Slashdot Mirror


How Do You Visualize 100 GB of Google Text Data?

An anonymous reader writes "There is an amazing series of charts that visualizes trigrams and bigrams, portions of sentences that have been extracted from Google's web data set. The graphs highlight word associations and the frequency with which we use them on web pages.
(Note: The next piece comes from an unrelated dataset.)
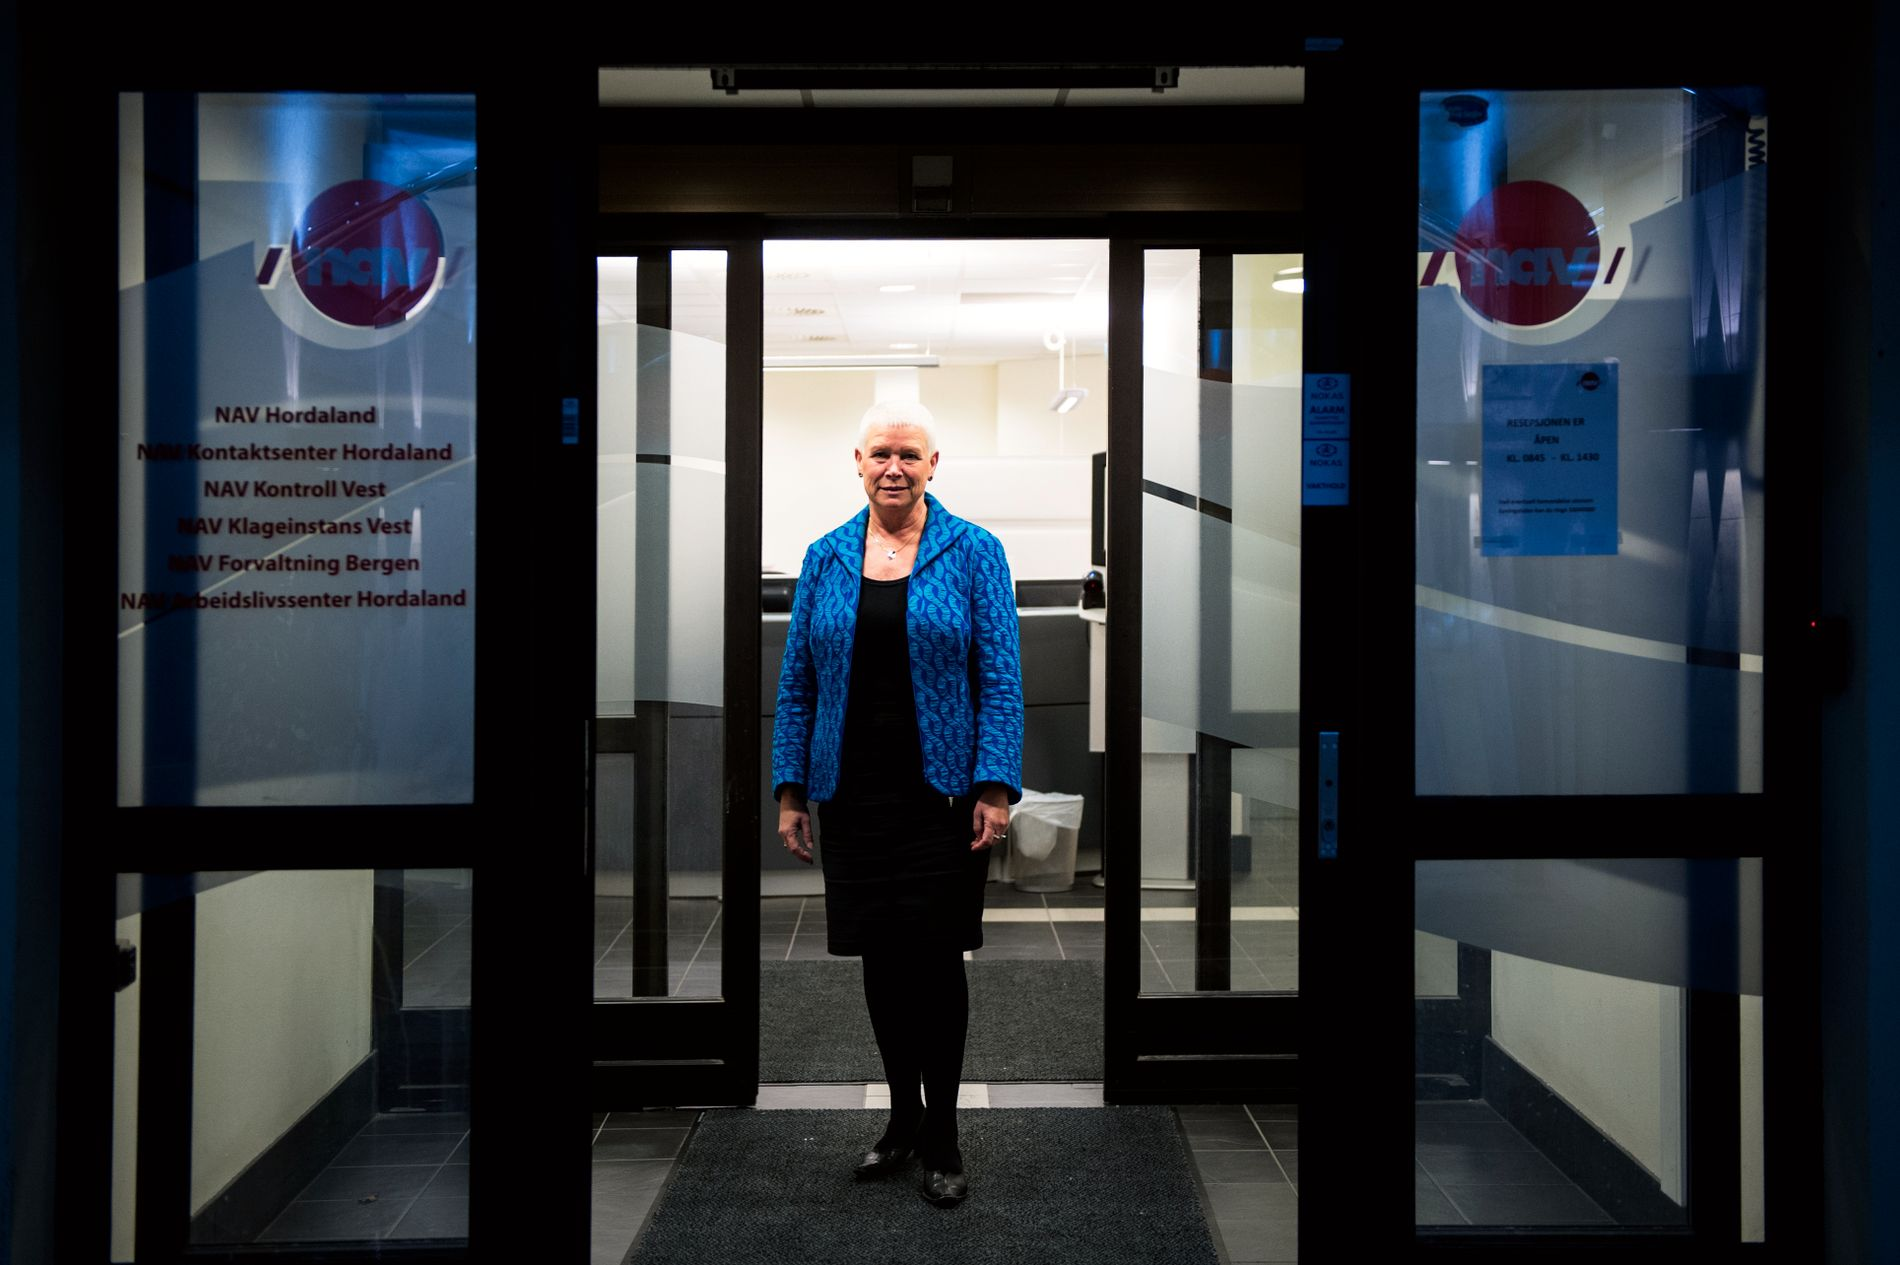 - FLERE UTEN JOBB: - Ledigheten er fortsatt lav, men de som er arbeidsledig går lengre tid uten jobb, og vi forventer at ledigheten vil gå noe opp i løpet av året, sier fylkesdirektør Anne Kverneland Bogsnes i Nav.

Chris Harrison from Carnegie Mellon University found, for example, that the word 'he' is often tied to 'argues,' while 'she' is found often with 'loves.' There are also word-relation charts that highlight words used in combination with their opposites, such as good and bad, peace and war, and PC and Mac." There are a lot of these things, and they're really interesting to browse through.

3 of 117 comments (clear)

  1. This can be used to preload a "human-like" ai by presidenteloco · · Score: 4, Interesting

    With a semantic network which reflects how humans relate various concepts together, and what topics and relationships humans care about.

    Yes it will be biased and partial and rough, but it's a good start.

    More formal reasoning and association techniques, such as bayesian stuff, logic, etc will be also be needed for general AI, but for the
    knowledge base to be grounded in human concerns and human perceptions; that's a key to an ai we can relate to and which can
    relate to us.

    I imagine this kind of semantic network will be usable for google 2.0 "pre-emptive search" or "my virtual social planner and concierge".

    --

    Where are we going and why are we in a handbasket?
  2. Kudos to Chris Harrison, though by Kupfernigk · · Score: 3, Insightful
    He does these really interesting data visualisations and publishes them for free - and what do people do?

    "Was this "anonymous reader" the guy who owns the blog?"

    "his files are hosted in *.pdf files. tried looking at them in a windows 7 and an ubuntu machine, both have the text with unreadable lines through them. why would you host graphics as pdf?" - mine don't.

    I am slowly recovering from flu. What's the justification for all you miserable bastards out there? This is genuinely interesting stuff presented in an accessible way, and is the sort of thing /. should be about (checks karma and mod points - yup, probably allowed to say that.)

    --
    From scarped cliff or quarried stone she cries "A thousand types are gone, I care for nothing, no not one."
    1. Re:Kudos to Chris Harrison, though by FrankDrebin · · Score: 3, Funny

      'he' is often tied to 'argues,'

      I don't agree.

      --
      Anybody want a peanut?